Subject matter and duration

Provision of the Ängservice for the duration of the Customer's agreement with us, plus the deletion periods described in section 9.

Nature and purpose

Hosting, storage, display, transformation (including AI-assisted generation and editing), sharing, and backup of Customer Data as instructed through the Customer's use of the Service.

Categories of data subjects

• the Customer's users and collaborators; and
• any individuals whose personal data appears in content uploaded to the Service.
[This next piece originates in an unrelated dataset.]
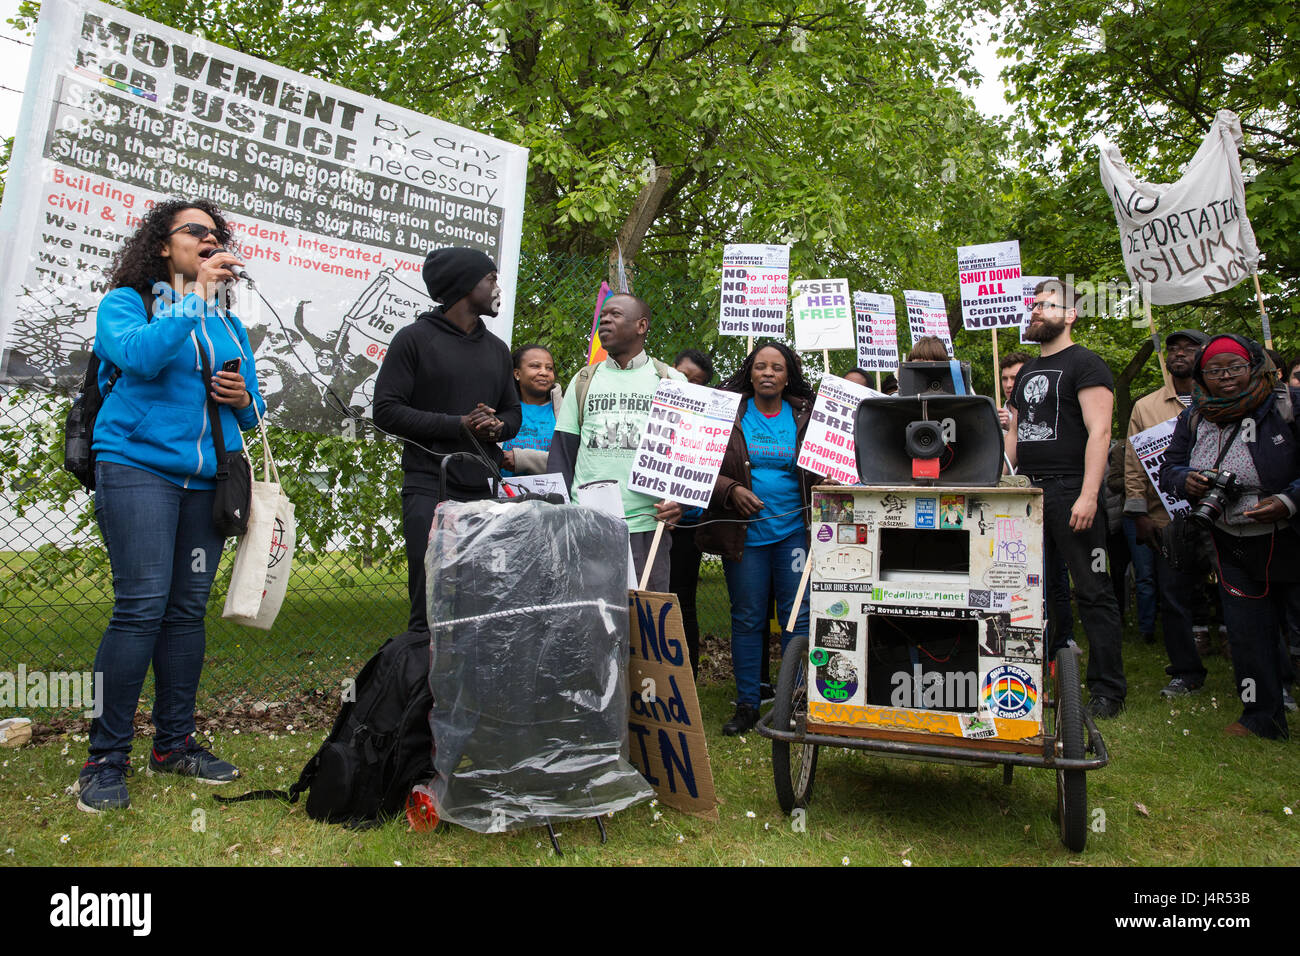 Milton Ernest, UK. 13th May, 2017. Antonia Bright from Movement For Justice By Any Means Necessary addresses a large protest outside Yarl's Wood Immigration Removal Centre calling for all immigration detention centres to be closed. Credit: Mark Kerrison/Alamy Live News Stock Photo

Categories of personal data

• identification and contact data (name, email address);
• user content (boards, prompts, images, files, comments); and
• technical and usage data generated by use of the Service.

3. Instructions

We process Customer Data only on the Customer's documented instructions — including the Customer's configuration and use of the Service — unless required to do otherwise by EU or member state law, in which case we will inform the Customer before processing unless that law prohibits it. We will inform the Customer if, in our opinion, an instruction infringes the GDPR.

4. Confidentiality

We ensure that persons authorized to process Customer Data have committed themselves to confidentiality or are under an appropriate statutory obligation of confidentiality.

5. Security

We implement appropriate technical and organizational measures pursuant to Article 32 GDPR, including encryption in transit, row-level access controls, tenant isolation, security monitoring, and the measures described on our Security page.

6. Subprocessors

The Customer grants a general authorization for us to engage the subprocessors listed at /subprocessors. We impose data protection obligations on each subprocessor that are no less protective than those in this DPA, and we remain liable for their performance.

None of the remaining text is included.